Zero auth/security regressions. Zero cross-tenant data leakage in the persisted cache.
Migration is gradual and per-route revertible. No big-bang.

Non-goals

Cloudflare Hyperdrive (deferred — separate spec if revisited).
Edge KV response caching (deferred — Phase 3 was dropped from current scope).
Database schema changes, index tuning, or N+1 query fixes (separate work, may follow).
Mobile app (Expo) — uses native fetch, separate stack.
Durable Object (CLINIC_HUB) SSE refactor.
Auth flow (Firebase, JWT refresh, WebAuthn) changes.

Architecture overview

Three independent phases, each shippable on its own:

Phase 1 ─ Server: Neon driver split
   getDatabase()     →  getReadDb()  (HTTP, default for GETs and one-shot writes)
                     →  getWriteDb() (Pool, only for interactive transactions, with waitUntil cleanup)

Phase 2 ─ Client: TanStack Query + persistent cache
   <PersistQueryClientProvider> wraps <App />
   QueryClient { staleTime: 30s, gcTime: 24h, buster: build-hash }
   localStorage persister, clinicId in every query key

Phase 4 ─ Bundle/CSS audit
   Tailwind purge correctness, lazy-load heavy chunks, dead-icon scrub

(Phase 3 — KV edge cache — deferred. Numbering preserved to match the brainstorming discussion.)

Phase 1 — Neon driver split (server)

Driver decision matrix (from Neon’s current docs, May 2026)

Use case	Driver	Why
One-shot read (most GETs)	`neon(url)` HTTP	Single fetch round-trip, no WS handshake, lowest cold-path latency
One-shot write (single INSERT/UPDATE/DELETE)	`neon(url)` HTTP	Same — works for non-transactional writes
Multi-statement atomic batch (no branching logic)	`neon(url).transaction([...])`	One HTTP round-trip, atomic, no interactive control
Interactive transaction (BEGIN, conditional, COMMIT)	`Pool` (WebSocket)	Only path that supports `client.query('BEGIN')` flows

Changes to `server/src/lib/db.ts`

Replace the current getDatabase() + getDatabaseHttp() shape with three explicit accessors:

getReadDb(connStr?) → returns drizzle(neon(url)) (HTTP). Default for all GET handlers and any single-statement mutation.
getWriteDb(connStr?) → for now, alias of getReadDb (HTTP works for single-statement writes too).
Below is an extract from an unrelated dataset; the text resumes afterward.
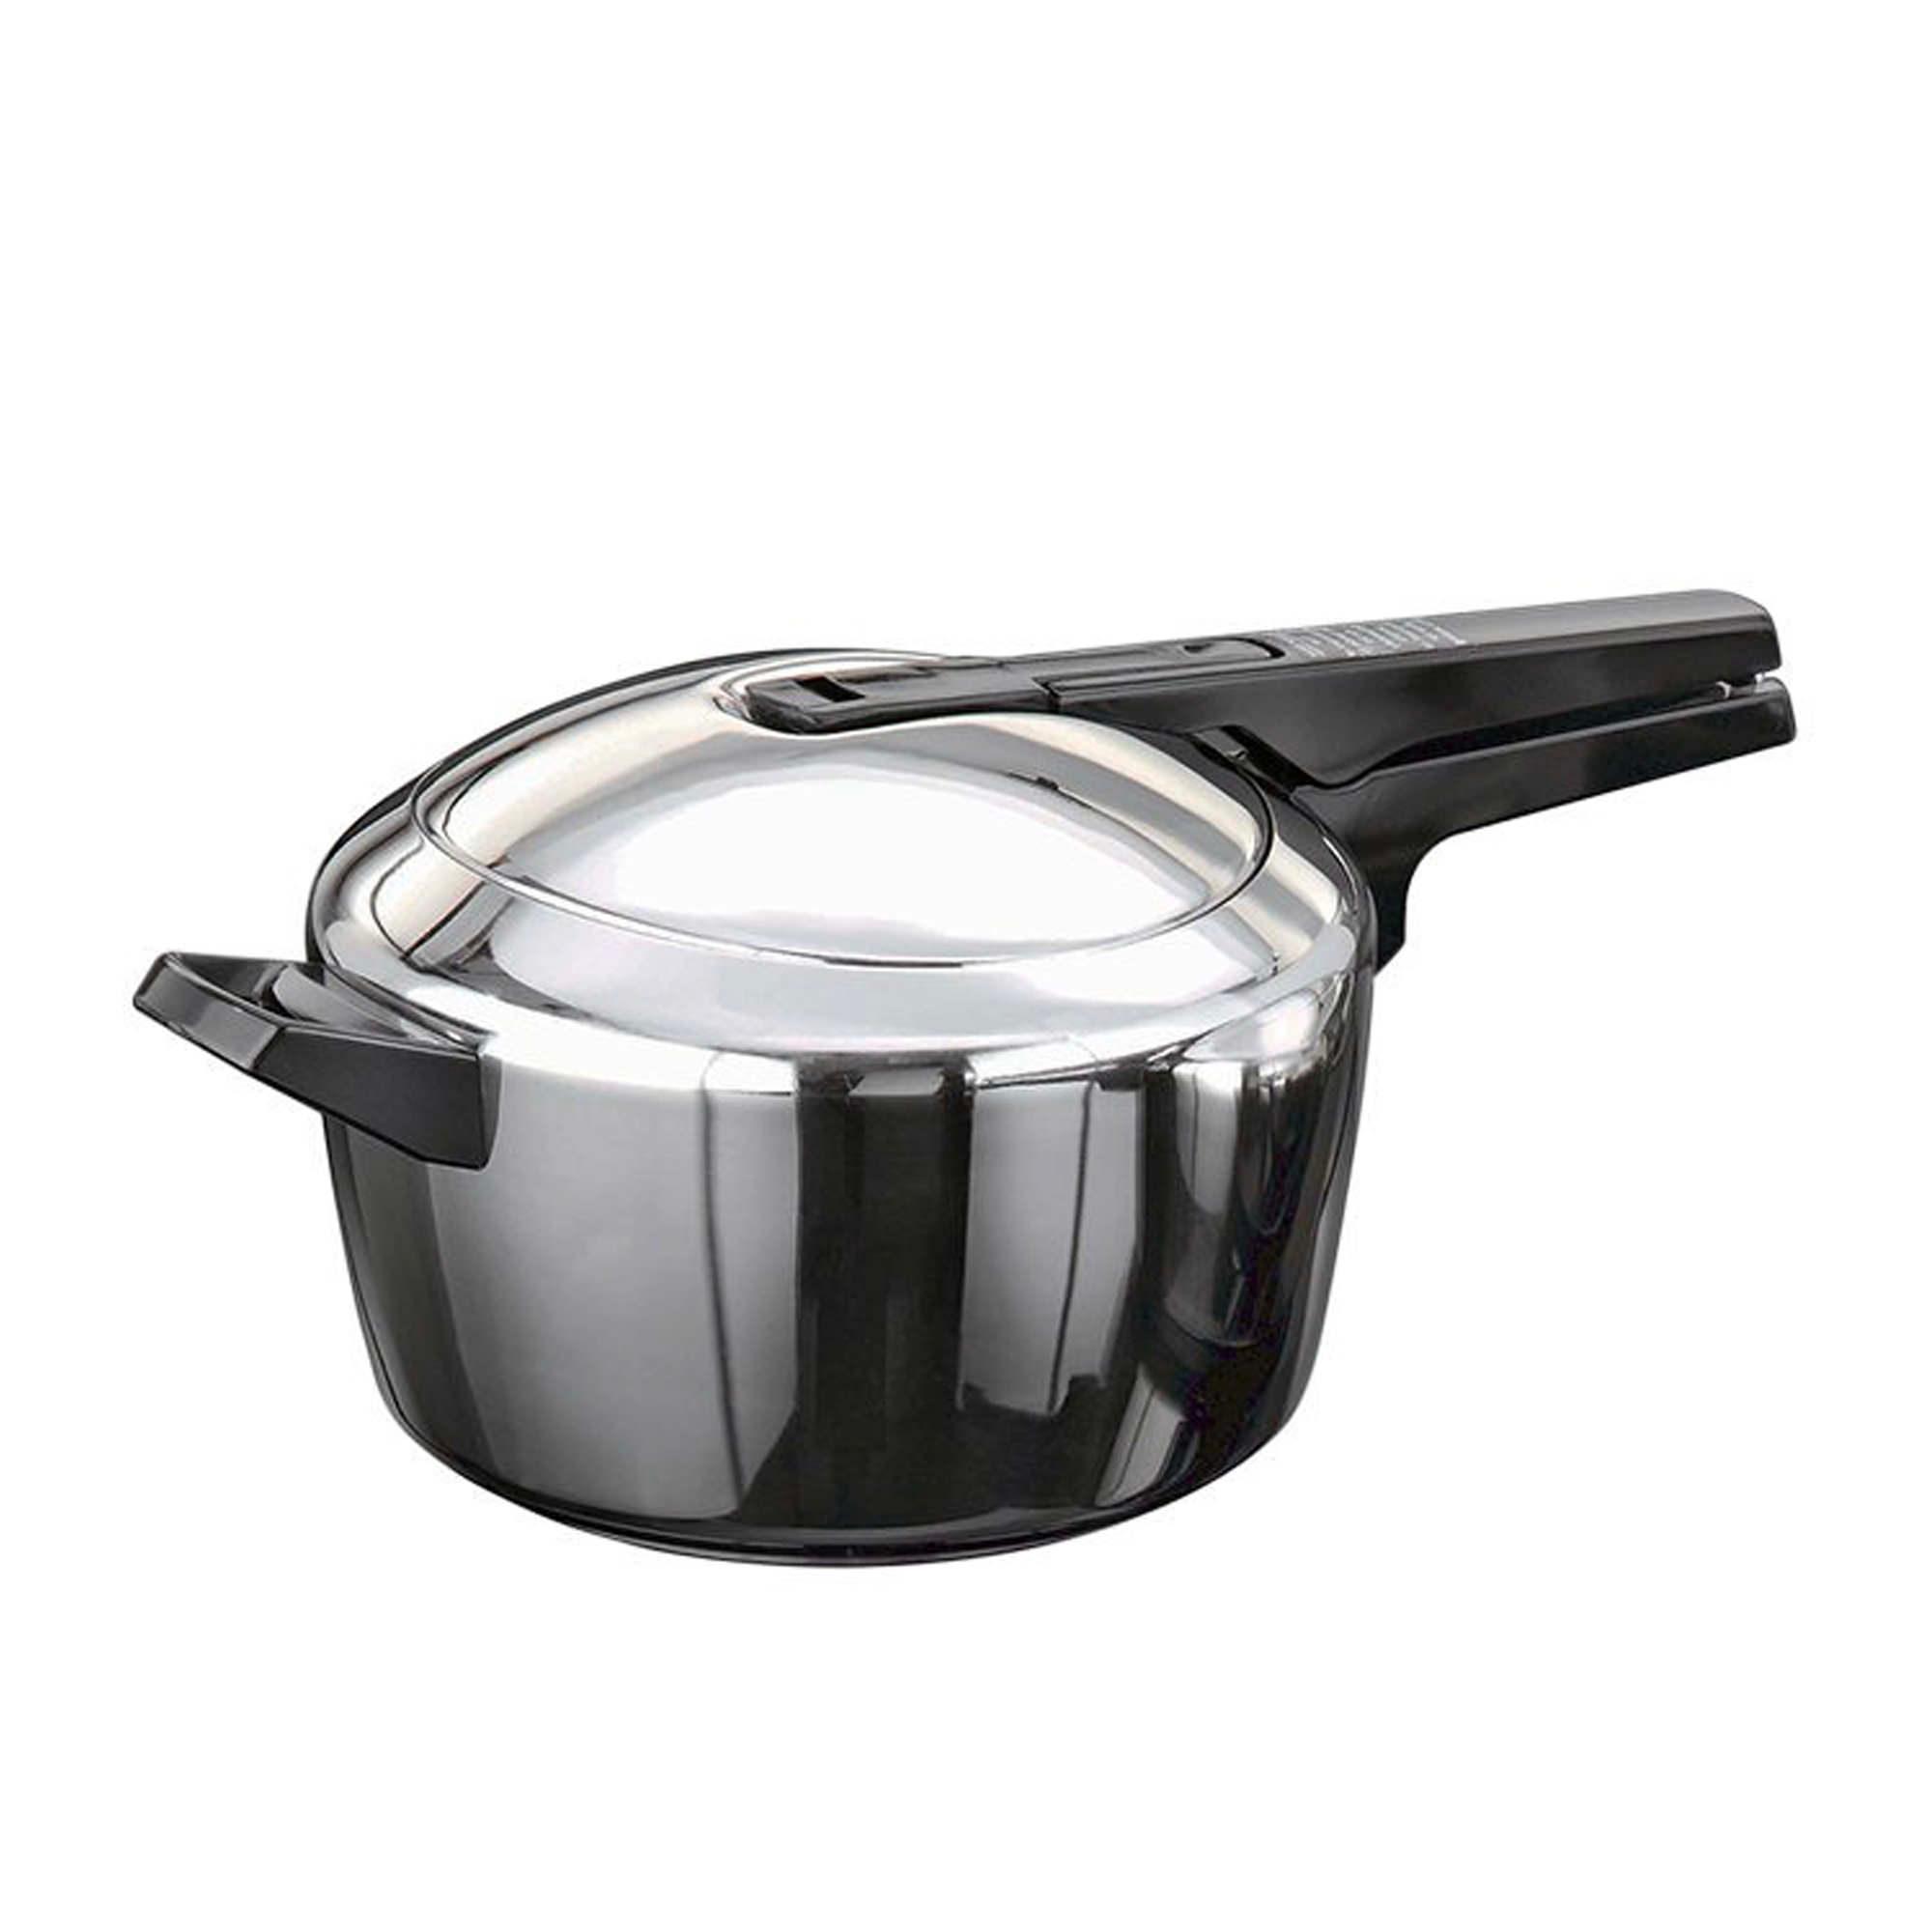 Futura Stainless Steel Pressure Cooker 5.5L Image 1
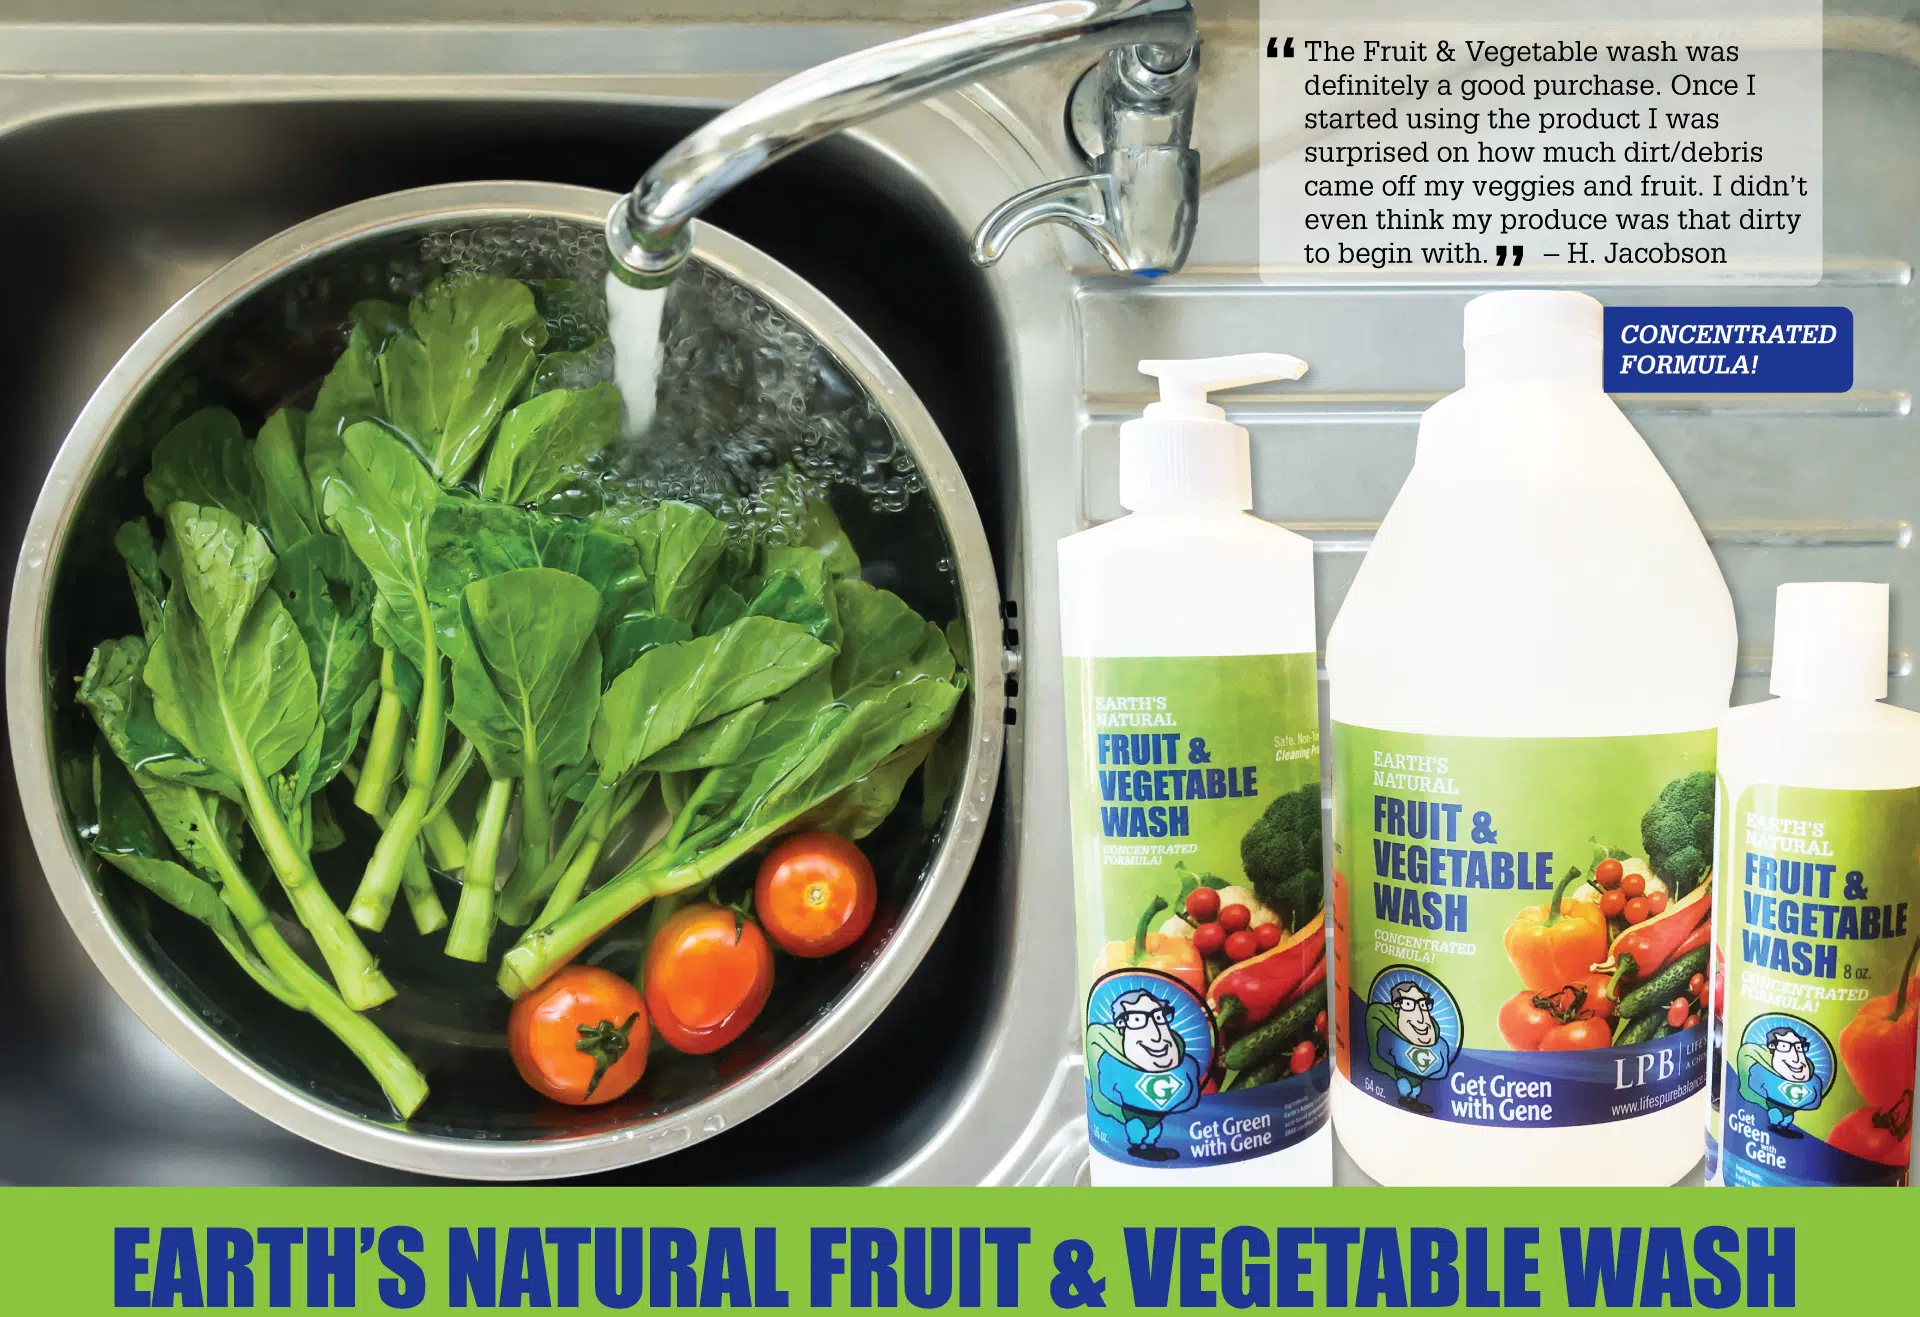 I am one of Life's Pure Balance's biggest fan. Their Earth's Natural Fruit & Vegetable wash is my favorite.

Distinct name documents intent and gives us a hook if we ever need a write-only knob.
getTxDb(connStr?, ctx) → returns a Pool-backed Drizzle instance plus an end() helper the route is required to register with ctx.waitUntil(). Used only by routes that need interactive transactions.

The existing getDatabase() is kept as a thin alias of getReadDb() during migration so unmigrated routes keep working. Removed once all callsites are migrated. The AsyncLocalStorage per-request connection cache is removed — HTTP driver has no connection state to cache, and a Pool can’t safely outlive a single request handler on Workers anyway.

Migration order

Add new accessors to db.ts.
Migrate read-heavy routes first (highest impact, lowest risk):
- routes/clinic.ts (settings, stats)
- routes/patients.ts (list, get, search)
- routes/appointments.ts (list, day view)
- routes/billing.ts, routes/invoices.ts (read paths)
- routes/staff.ts, routes/services.ts, routes/inventory.ts
Migrate single-statement writes module by module.
Audit every db.transaction( callsite and every BEGIN raw SQL. Migrate those to getTxDb() + ctx.waitUntil(end()). Likely candidates: payment processing, appointment-conflict booking, invoice creation, inventory stock adjustments. Each gets its own commit so a regression rollback is one revert.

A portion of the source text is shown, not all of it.